IEEE J Biomed Health Inform. 2024 Sep;28(9):5396-5409. doi: 10.1109/JBHI.2024.3406786. Epub 2024 Sep 5.
Recent methods often introduce attention mechanisms into the skip connections of U-shaped networks to capture features. However, these methods usually overlook spatial information extraction in skip connections and exhibit inefficiency in capturing spatial and channel information. This issue prompts us to reevaluate the design of the skip-connection mechanism and propose a new deep-learning network called the Fusing Spatial and Channel Attention Network, abbreviated as FSCA-Net. FSCA-Net is a novel U-shaped network architecture that utilizes the Parallel Attention Transformer (PAT) to enhance the extraction of spatial and channel features in the skip-connection mechanism, further compensating for downsampling losses. We design the Cross-Attention Bridge Layer (CAB) to mitigate excessive feature and resolution loss when downsampling to the lowest level, ensuring meaningful information fusion during upsampling at the lowest level. Finally, we construct the Dual-Path Channel Attention (DPCA) module to guide channel and spatial information filtering for Transformer features, eliminating ambiguities with decoder features and better concatenating features with semantic inconsistencies between the Transformer and the U-Net decoder. FSCA-Net is designed explicitly for fine-grained segmentation tasks of multiple organs and regions. Our approach achieves over 48% reduction in FLOPs and over 32% reduction in parameters compared to the state-of-the-art method. Moreover, FSCA-Net outperforms existing segmentation methods on seven public datasets, demonstrating exceptional performance.
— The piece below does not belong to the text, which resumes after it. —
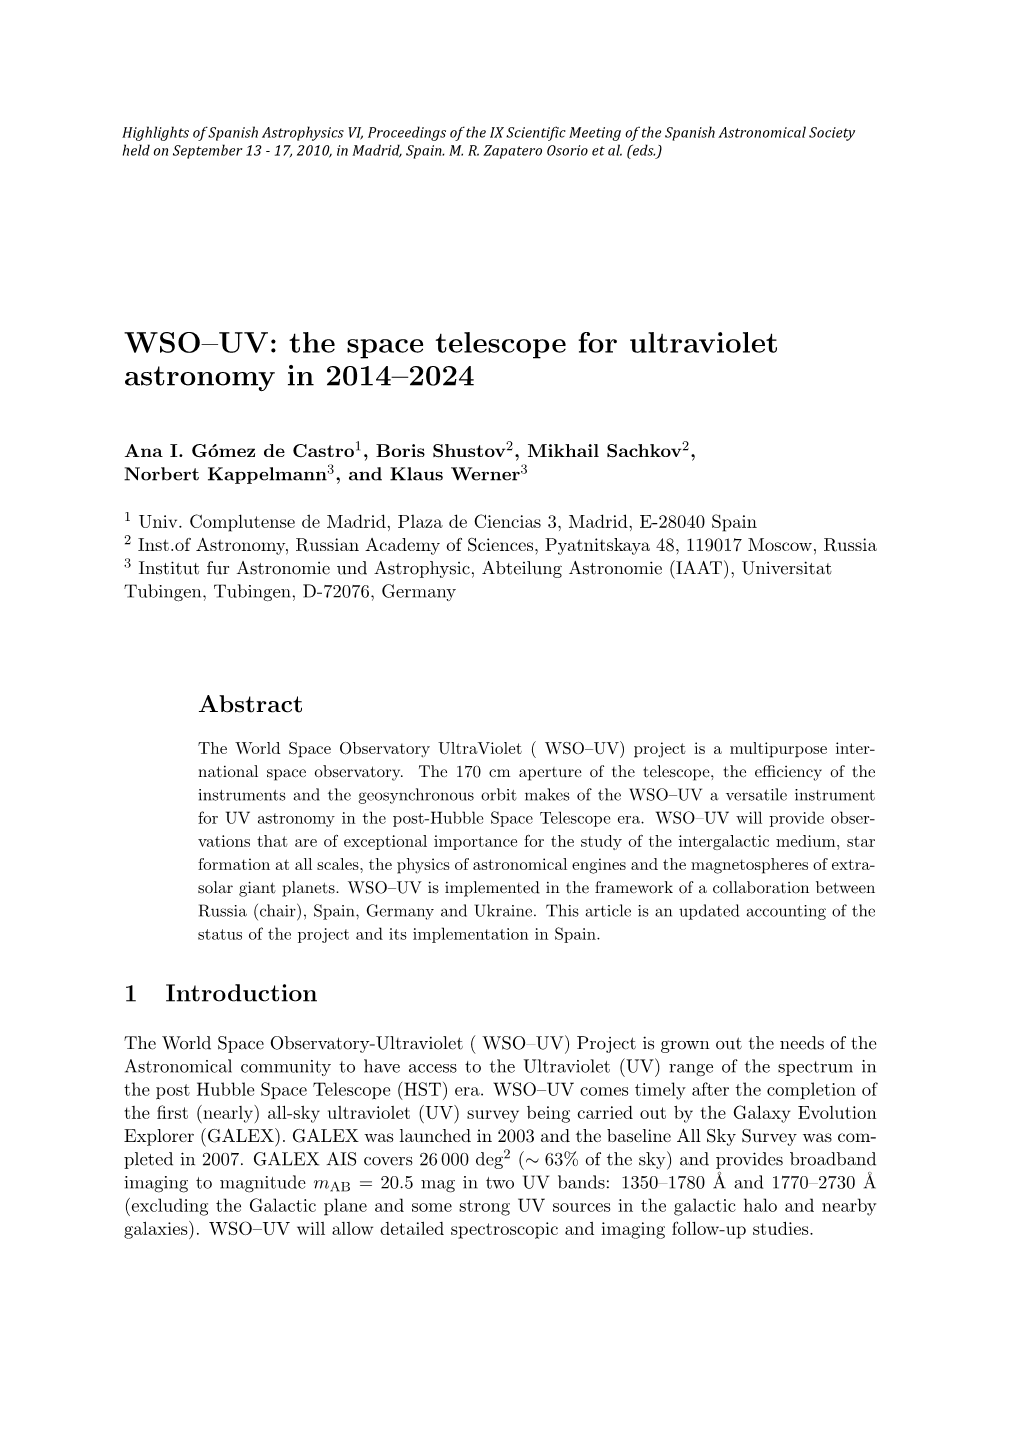 WSO–UV: the Space Telescope for Ultraviolet Astronomy in 2014–2024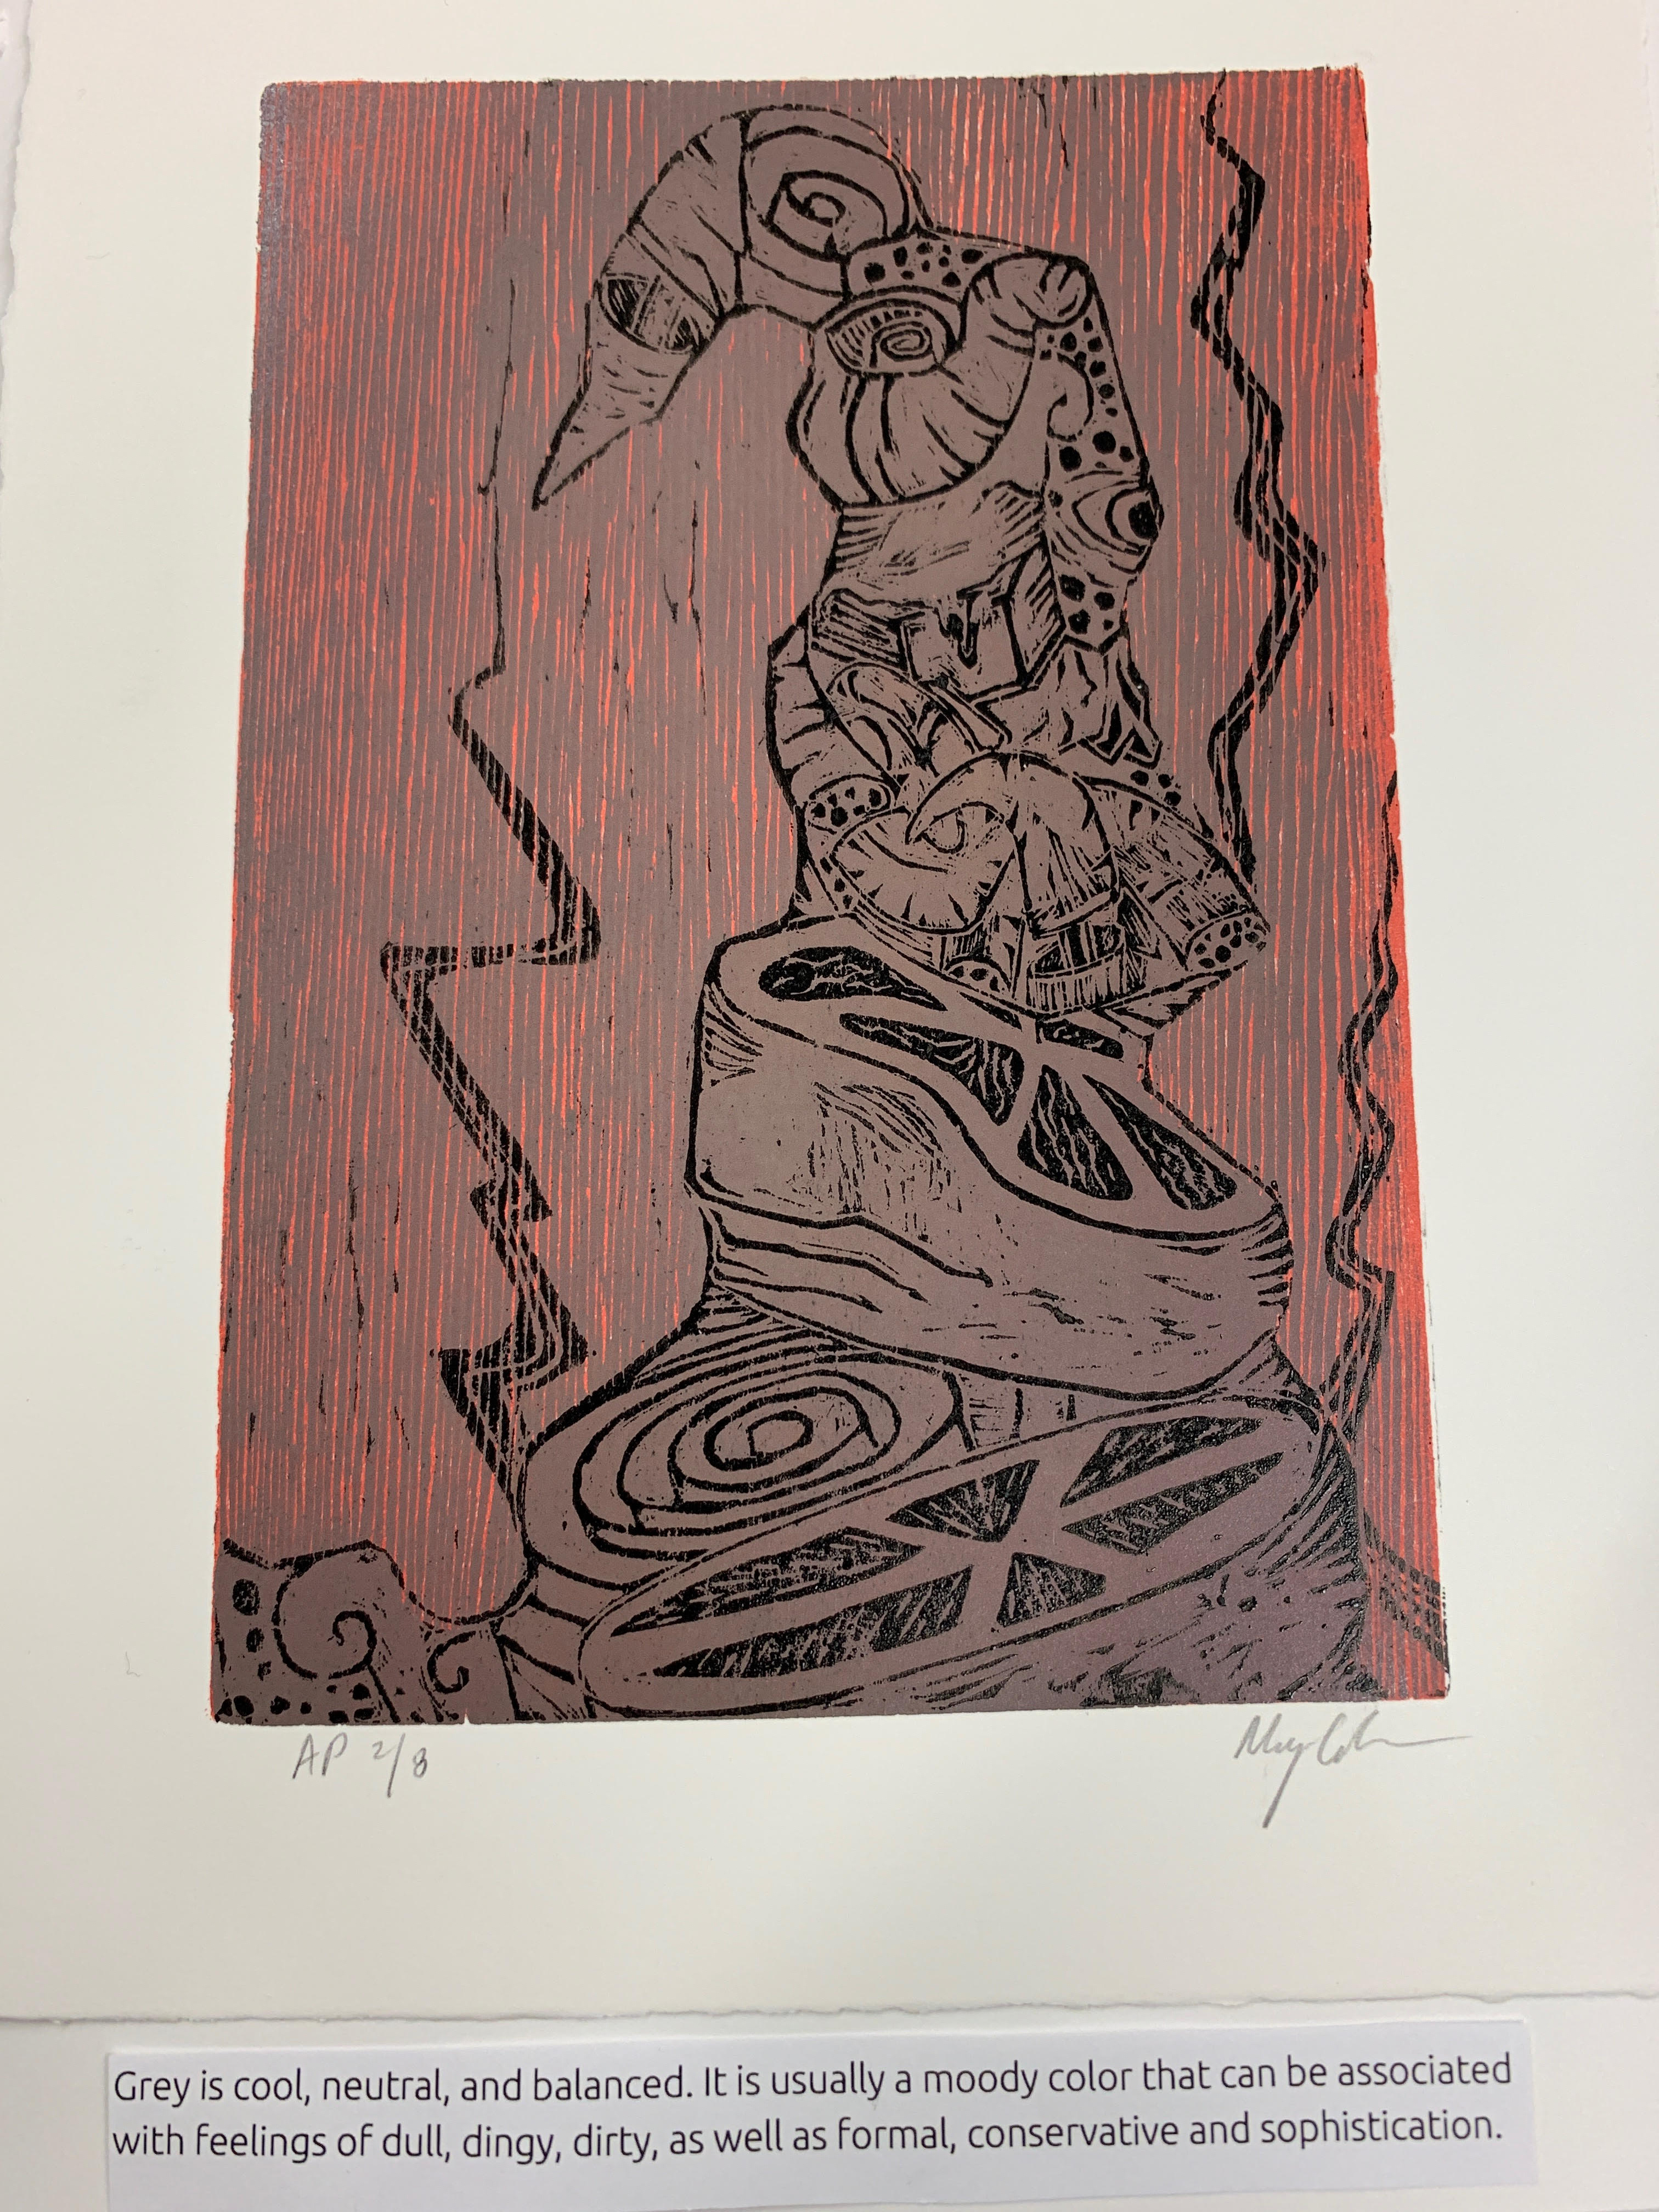 Page 9. Caption: The abstract print is predominantly grey, with a red background. Grey is cool, neutral, and balanced. It is usually a moody color that can be associated with feelings of dullness, dinginess, dirtiness, as well as formality, being conservative and/ or sophistication.

最近的方法通常在 U 形网络的跳过连接中引入注意力机制来捕获特征。然而,这些方法通常忽略了跳过连接中的空间信息提取,并且在捕获空间和通道信息方面效率低下。这个问题促使我们重新评估跳过连接机制的设计,并提出了一种新的深度学习网络,称为融合空间和通道注意力网络,简称 FSCA-Net。FSCA-Net 是一种新颖的 U 形网络架构,它利用并行注意力转换器 (PAT) 增强跳过连接机制中空间和通道特征的提取,进一步补偿下采样损失。我们设计了交叉注意力桥层 (CAB) 来减轻在下采样到最低级别时的特征和分辨率损失,确保在最低级别进行上采样时进行有意义的信息融合。最后,我们构建了双通道注意力 (DPCA) 模块,用于引导 Transformer 特征的通道和空间信息过滤,消除解码器特征的歧义,并更好地将 Transformer 和 U-Net 解码器之间语义不一致的特征拼接起来。FSCA-Net 是专门为多个器官和区域的精细分割任务设计的。与最先进的方法相比,我们的方法在 FLOPs 上减少了 48%以上,在参数上减少了 32%以上。此外,FSCA-Net 在七个公共数据集上优于现有的分割方法,表现出色。